The Alibaba Cloud service team, based on the customer's business characteristics, combined with the best practices of Alibaba Cloud's microservice governance and stability governance system and customer cases, helped customers develop plans for application lossless publishing, grayscale publishing, capacity planning, flow limiting and degradation, and worked with customers to complete the implementation of the plans.
Lossless application publishing can effectively avoid the problem of front-end exceptions during application publishing, improve the user experience, and make the system more smooth when changing. In order to speed up the landing and reduce the workload, make full use of the ability of ACK and MSE, realize the elegant exit of applications by configuring preStop and MSE to go offline without loss, protect the safe start of applications by configuring health checks and enabling MSE online traffic preheating function, and effectively avoid the traffic loss caused by application release. Customize cloud efficiency pipeline for customers based on their current situation The application release scheme combining ACK and MSE microservice governance capabilities can realize lossless online and offline in the process of application release, without adding additional operations, which reduces the burden on technicians.

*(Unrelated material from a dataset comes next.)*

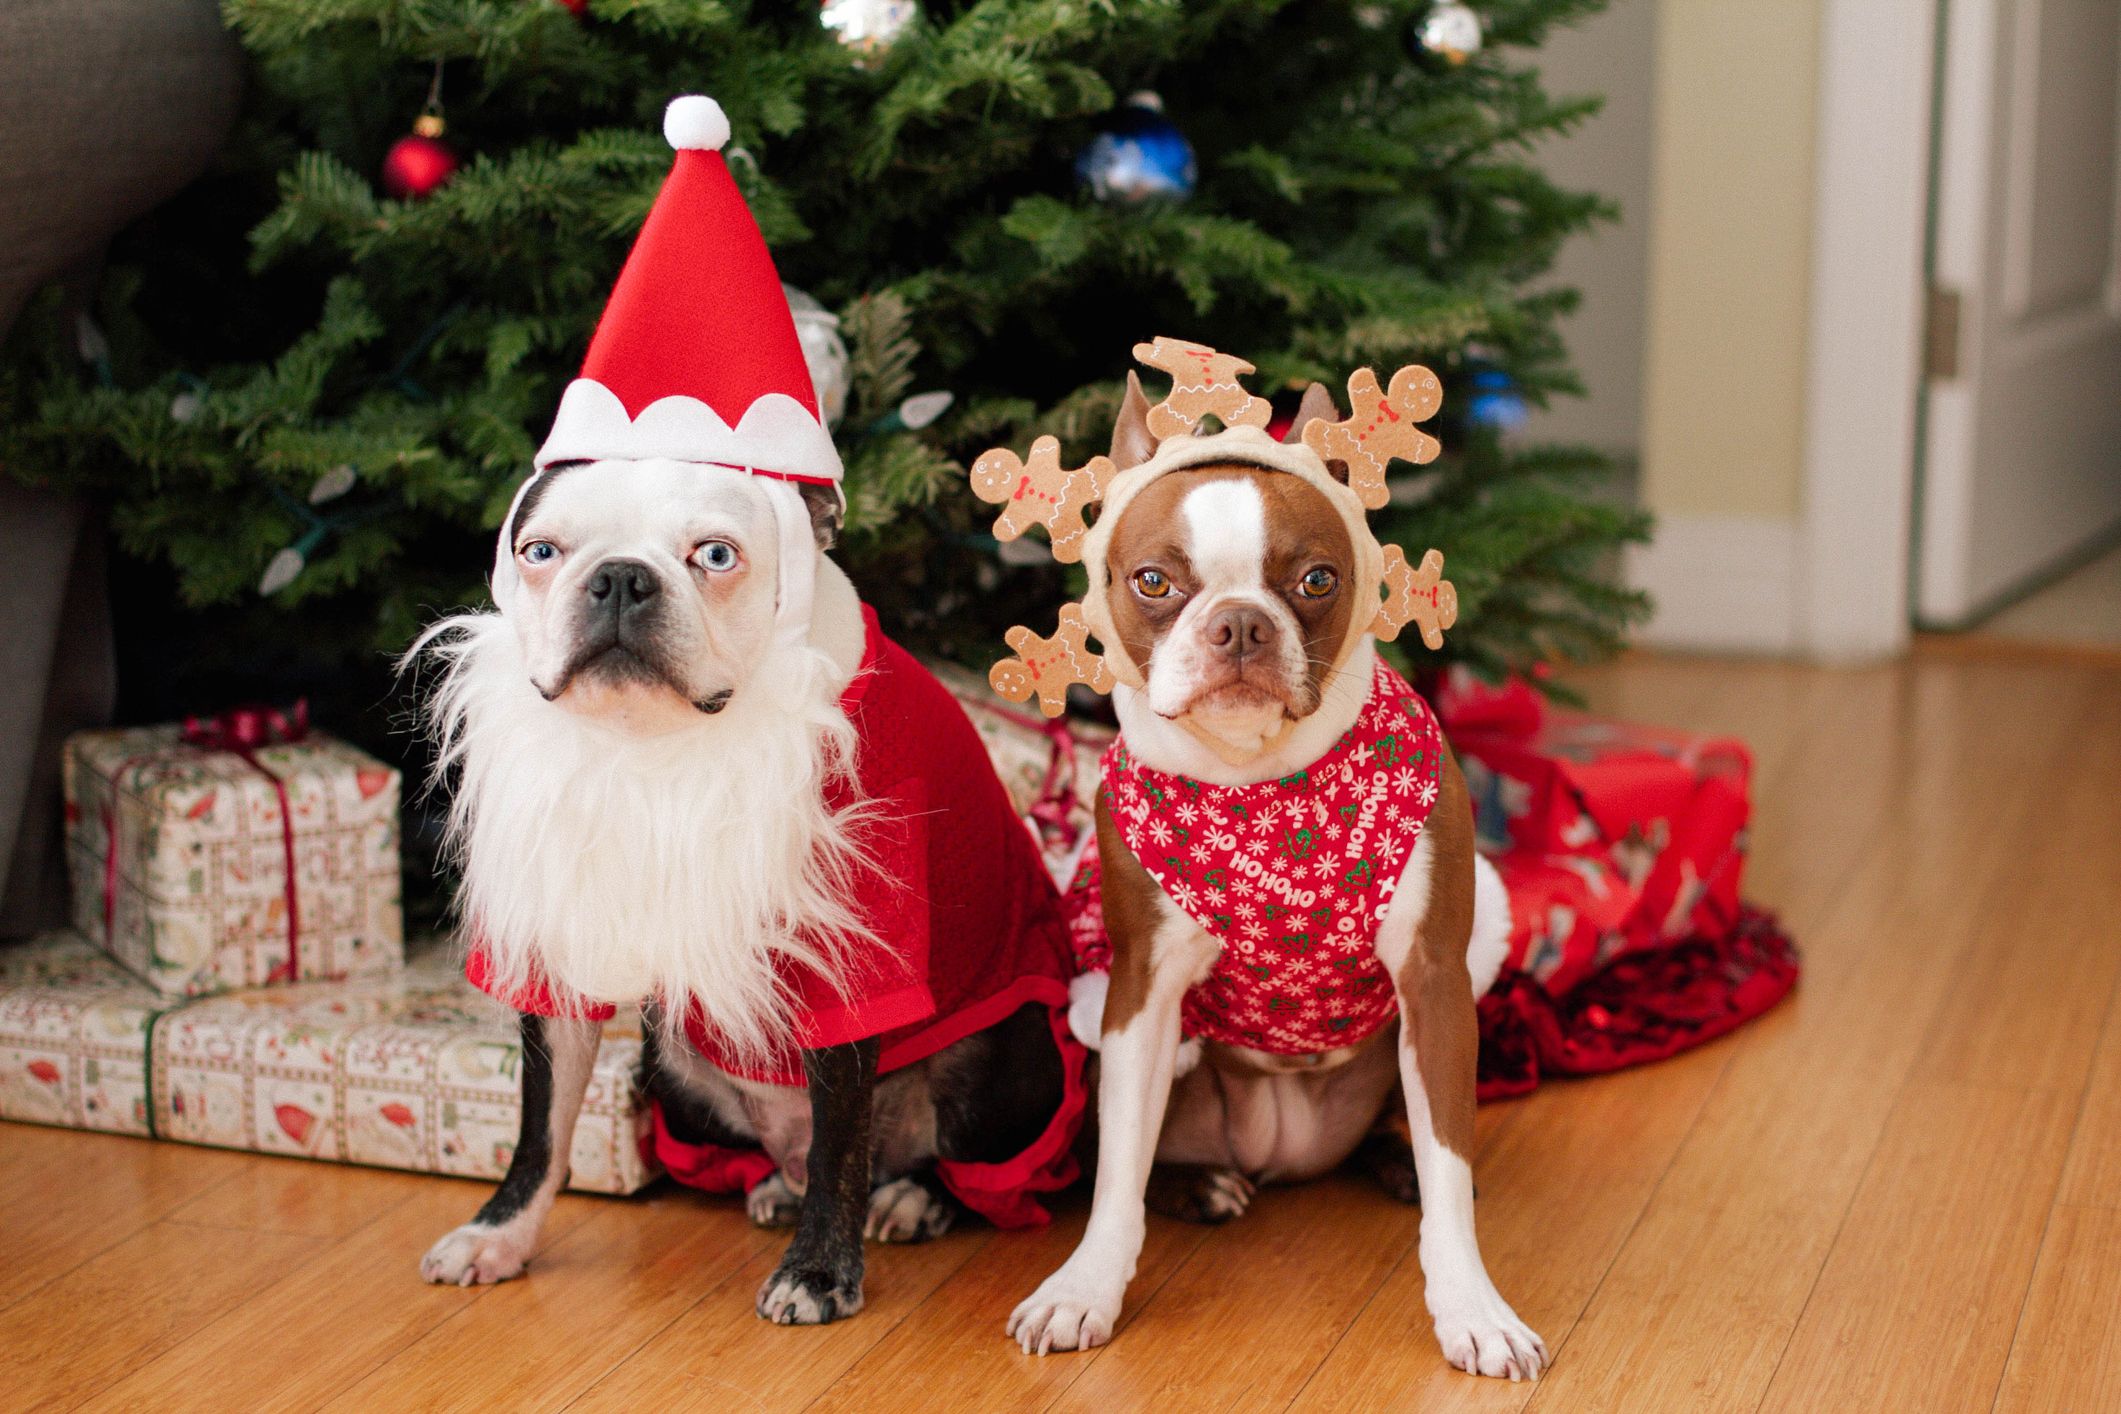 Puppies presented as holiday gifts are not always the best idea

Gray publishing can roll back fast stream cutting in time when major exceptions occur after the application goes online, and can try and error the new version with small traffic. Using MSE to provide agent access, a field in the header based on HTTP is colored for traffic, and Kubernetes' declarative deployment is used to insert a grayscale identifier into the application version, so that only colored traffic can enter the version marked with a grayscale identifier, realizing the full link grayscale capability based on logical isolation mechanism, This enables small-scale traffic verification of the business after the release of the new version. Once any problem is found in the new version, it can be rolled back in time to minimize the impact on the business.
Full link pressure testing is the best way to find system bottlenecks and determine system capacity. The customer technical team and Alibaba Cloud service team sorted out more than 50 pressure testing scenarios for the five core systems on the cloud, and designed a full link pressure testing scheme, data model and script. Perform optimization, table partitioning key, shard optimization, index adjustment, and application log asynchronization through Hologres SQL, JVM parameter optimization, code optimization, Redis cache, More than a dozen tuning measures, such as MQ architecture transformation, have improved the system stability and overall system performance by more than 50 times, significantly improved the utilization of resources on the cloud, and reduced the overall resource cost by more than 5%.
The current limiting and degrading capability can install a reliable safety rope for the system. Since there are many slow SQL and time is too short to optimize, in order to avoid serious slow SQL that will drag down the entire database and cause interruption risk to online business, Bosiden has used MSE's database governance capability to evaluate the peak flow based on the pressure test results, configure SQL flow restriction rules, and selectively let SQL wait or fail quickly when the database traffic is too large, Turn uncertain traffic into deterministic traffic to ensure the stability of the database and the stability of the entire business.